Why Professional Photographers Need a New Title

About six or seven years ago, I inadvertently referred to a fellow professional as a videographer. He corrected me, he was a “cinematographer”. I hadn’t heard that objection before, but the more I thought about it, I realized it really was a better name. After all, the term “videographer”, once reserved for people who heavily invested in making video, was diluted by people who were getting quite good at making video, but with very little investment. Cinematographer, on the other hand, describes someone who makes “motion pictures”. Most of us differentiate a video from a motion picture, and for the same reason, “cinematographer” really is a better, more descriptive term.

When someone says they’re a “cinematographer”, that communicates something about the final product, rather than just the process. They shoot, they direct, they edit, they cut, they have a vision for the end product. It’s not just about taking a video, it’s about bringing something to life. That’s all a great deal more involved than simply operating a camera to capture nice video. The terms “cinematographer” and “filmmaker” have taken off in recent years and I think that’s an excellent trend.

But what about the photographers?

Like the cinematographers and filmmakers who, in years gone by, might have called themselves videographers, what’s expected of us has also changed a lot. So few people realize that doing “photography” is only a small portion of what a professional photographer must do, and wants to do, today. We don’t spend 8 or 9 hours a day taking pictures. We love to shoot, but we spend a lot of our time looking at pictures, thinking about pictures, analyzing pictures, remaking pictures into something new, exacting a vision from the images we create. All of this is much more like what the filmmaker must do to create many pictures that move, while we focus on the excellence of a single frame.
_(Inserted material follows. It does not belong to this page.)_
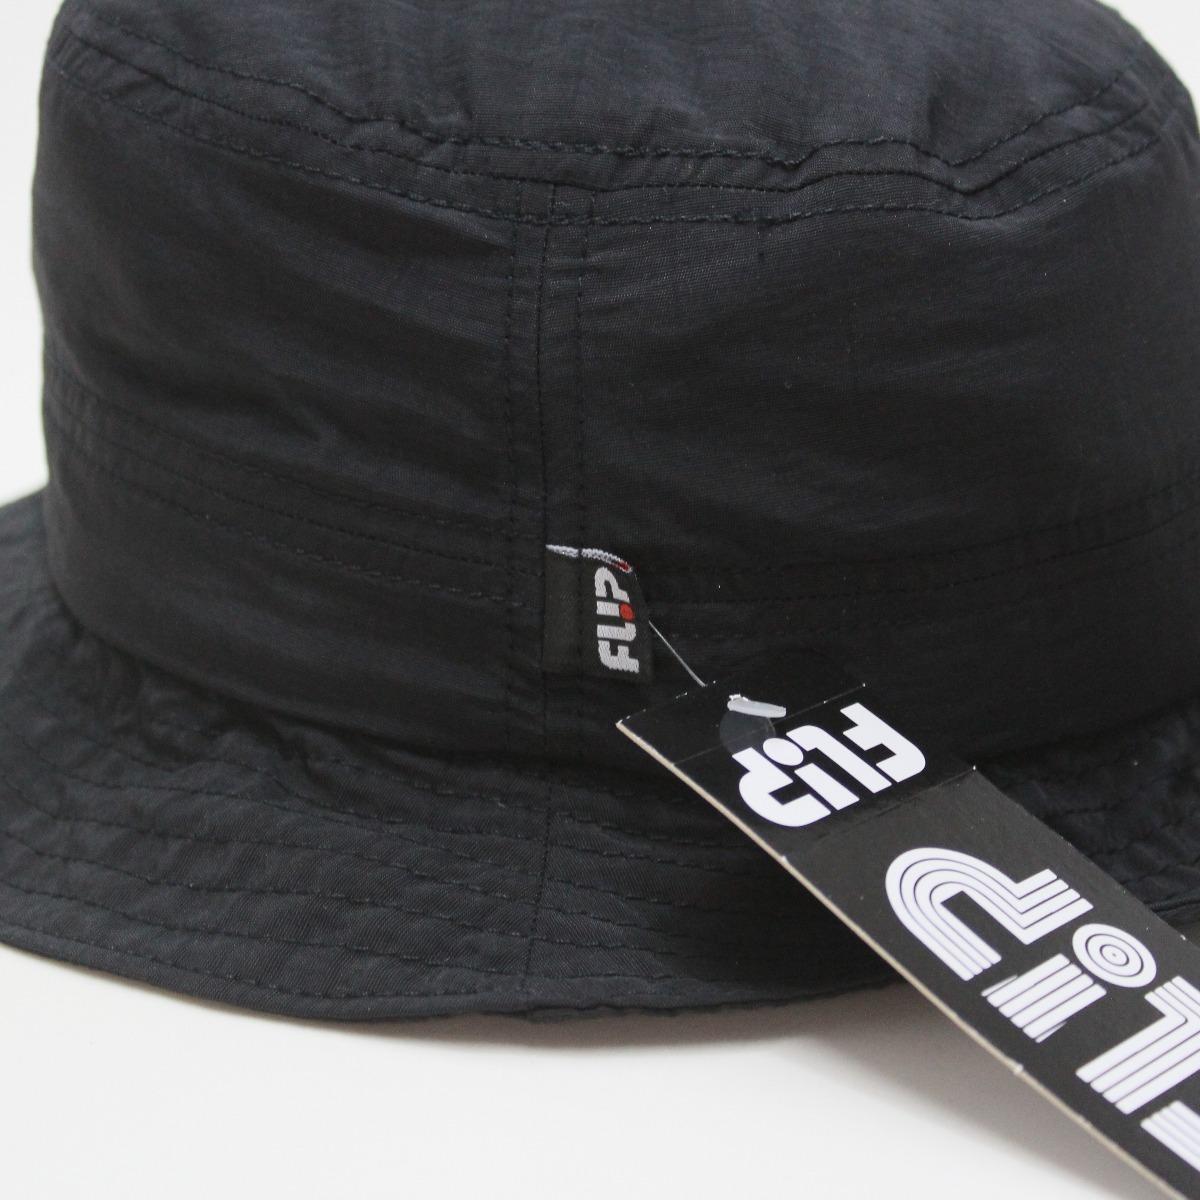 chapéu bucket hat flip odyssey original. Carregando zoom. 1a42bfd573f

So, just as many professional videographers adopted a new, better name for themselves, I think it’s time for photographers to do the same. What we do now is so much more than creating photographs. The effort and the skill we expend has gradually moved more and more distinctly from our hands to our heads, and gradually seeped well outside the bounds of the few hours we may spend with a subject. And with all of that, there is a big difference in what it means for just anyone to take a picture, and what it means for someone who pours countless hours into the craft to do it.